If you were to head out into the cosmos, traveling ever farther, would you find that space goes on indefinitely, or that it abruptly ends? Or, perhaps, would you ultimately circle back to your starting point, like Sir Francis Drake when he circumnavigated the earth? Both possibilities—a cosmos that stretches infinitely far, and one that is huge but finite—are compatible with all our observations, and over the past few decades leading researchers have vigorously studied each. But for all that detailed scrutiny, if the universe is infinite there’s a breathtaking conclusion that has received relatively scant attention.Â
It is quite possible that in the far reaches of an infinite cosmos, there’s a galaxy that looks just like the Milky Way, with a solar system that’s the spitting image of ours, with a planet that’s a dead ringer for earth, with a house that’s indistinguishable from yours, inhabited by someone who looks just like you, who is right now probably reading this very article and imagining you, in a distant galaxy, just reaching the end of this sentence.
And there’s not just one such copy. In an infinite universe, there are infinitely many. In some, your doppelgänger is now reading this sentence, along with you. In others, he or she has skipped ahead, or feels in need of a snack and has switched on to some other page. In others still, he or she has, well, a less than felicitous disposition and is someone you’d rather not meet in a dark alley. And you won’t.

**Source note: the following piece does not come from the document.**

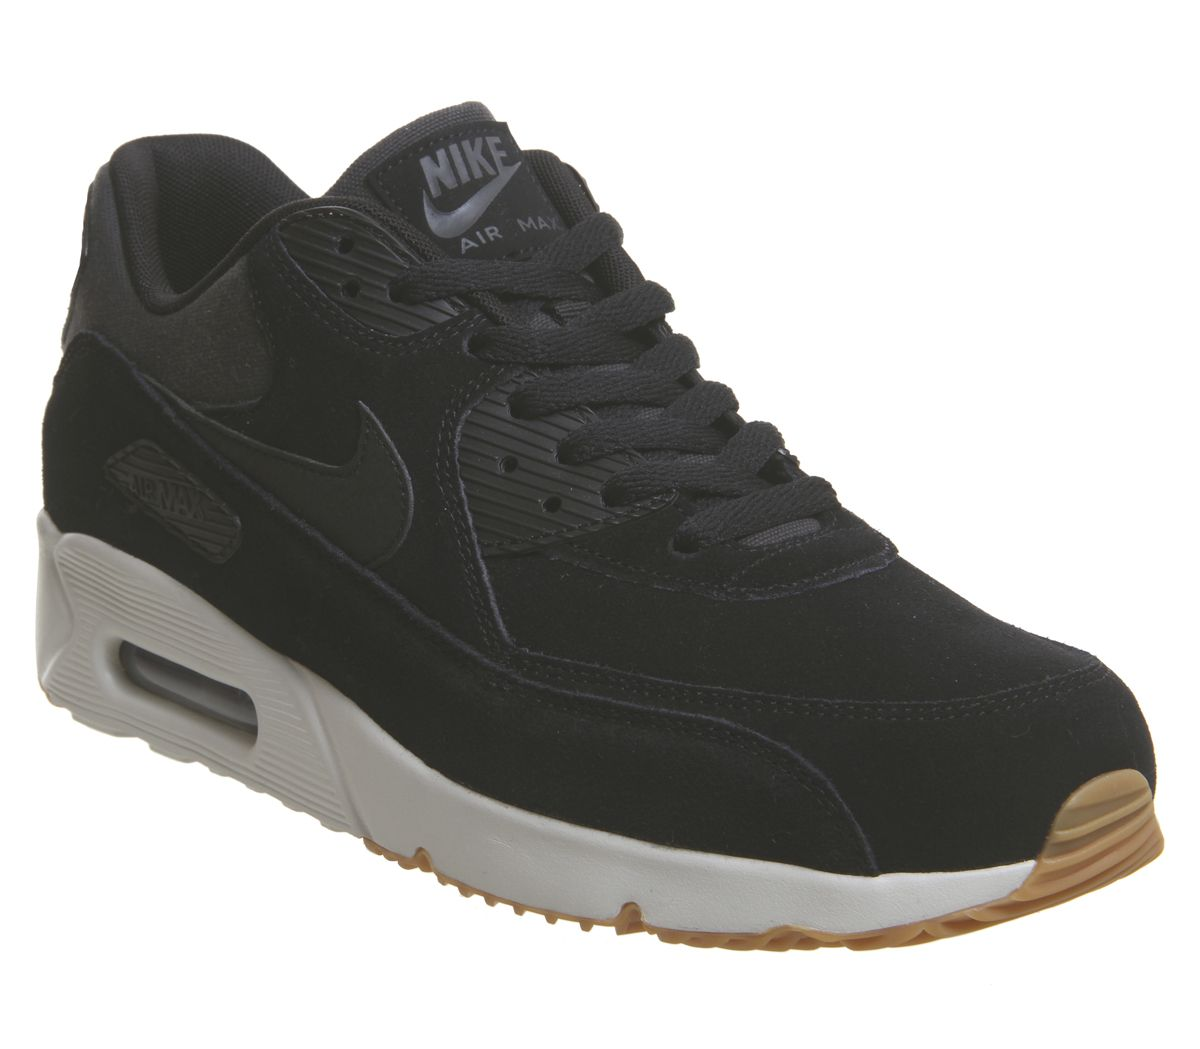 9507ad19c71 Nike Air Max 90 Ultra 2.0 Trainers Black Light Bone Gum - His trainers

These copies would inhabit realms so distant that light traveling since the big bang wouldn’t have had time to cross the spatial expanse that separates us. But even without the capacity to observe these realms, we’ll see that basic physical principles establish that if the cosmos is infinitely large, it is home to infinitely many parallel worlds—some identical to ours, some differing from ours, many bearing no resemblance to our world at all.
En route to these parallel worlds, we must first develop the essential framework of cosmology, the scientific study of the origin and evolution of the cosmos as a whole. The possibility of the existence of parallel worlds promises an exciting proposition for the scientists and astronomers alike. Only time will tell if such things really do exist and if they do then is there a way to enter and exit such worlds.